In fact, even Lorentz transformations are not Einstein’s innovation. They are Lorentz’s, who conceived them in order that Maxwell’s equations (the electromagnetic equations) would have the same form in systems moving at a relative velocity to one another. But he assumed the existence of the ether for this purpose (the existence of a medium in which these waves move forward and which fills all of space, so that the transformations would fit the Newtonian mechanical worldview that existed until then). Einstein succeeded in deriving them from the two principles you mentioned, without any connection to Maxwell’s equations and without assuming the existence of the ether (for whose existence there was no evidence, and whose existence also created several problems). He showed that this is a property of mechanics and not only of electricity and magnetism. That is, that it is something more general and universal. And therefore that the Newtonian mechanical picture of the world is not correct. That was the great innovation.

Doron (2022-03-09)

Many thanks for the answer. I’m thinking it over.

Doron (2022-03-09)

Immanuel (and others),
Can one then summarize and say something like this: Einstein’s fundamental methodological innovation, from the standpoint of the constancy of the laws of physics, is basically their extension to mechanics as well.
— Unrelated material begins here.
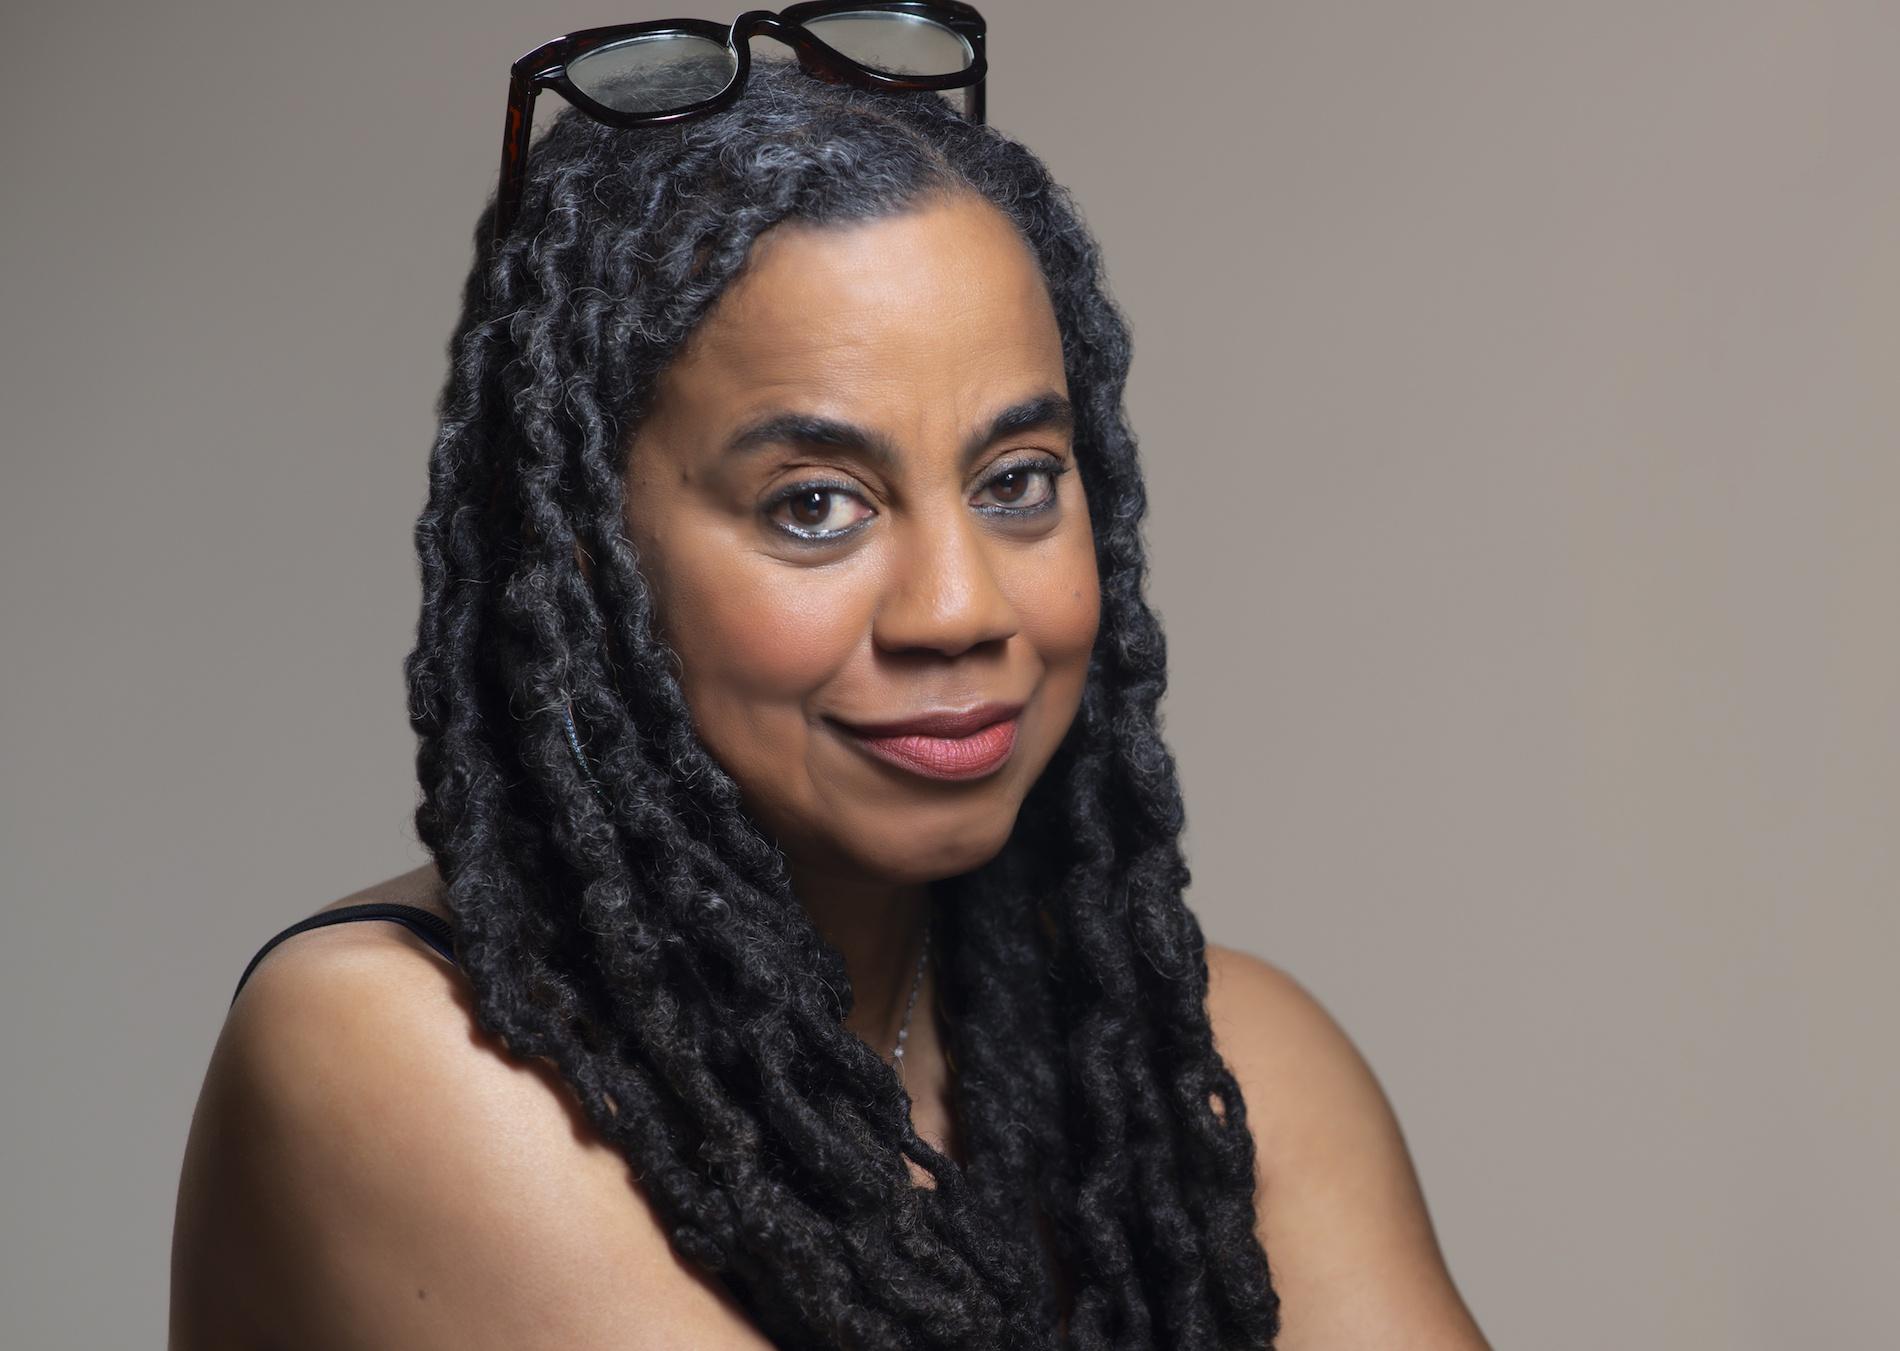 Suzan-Lori Parks Is Redefining 'Genius'

Whereas before Einstein people believed in fixed lawfulness regarding certain fields (electromagnetism, etc.), once Einstein entered the picture a way was discovered to generalize across different fields.
Right?
If so, that fits very well for me with the philosophical principle that Einstein planted in the background of his physics (the centrality of postulation).

The Last Decisor (2022-03-09)

The great innovations do not concern methodology, but rather the destruction of ancient beliefs—basic human worldviews that do not accord with reality.

The fact that the speed of light does not change (and therefore from this assumption it follows that time and space are connected and dependent on one another, and can also change) runs contrary to the way we experience the world.

And as proof: his great mistake was that he did not destroy the ancient belief that the stars are not moving.

Ancient beliefs are a slippery matter.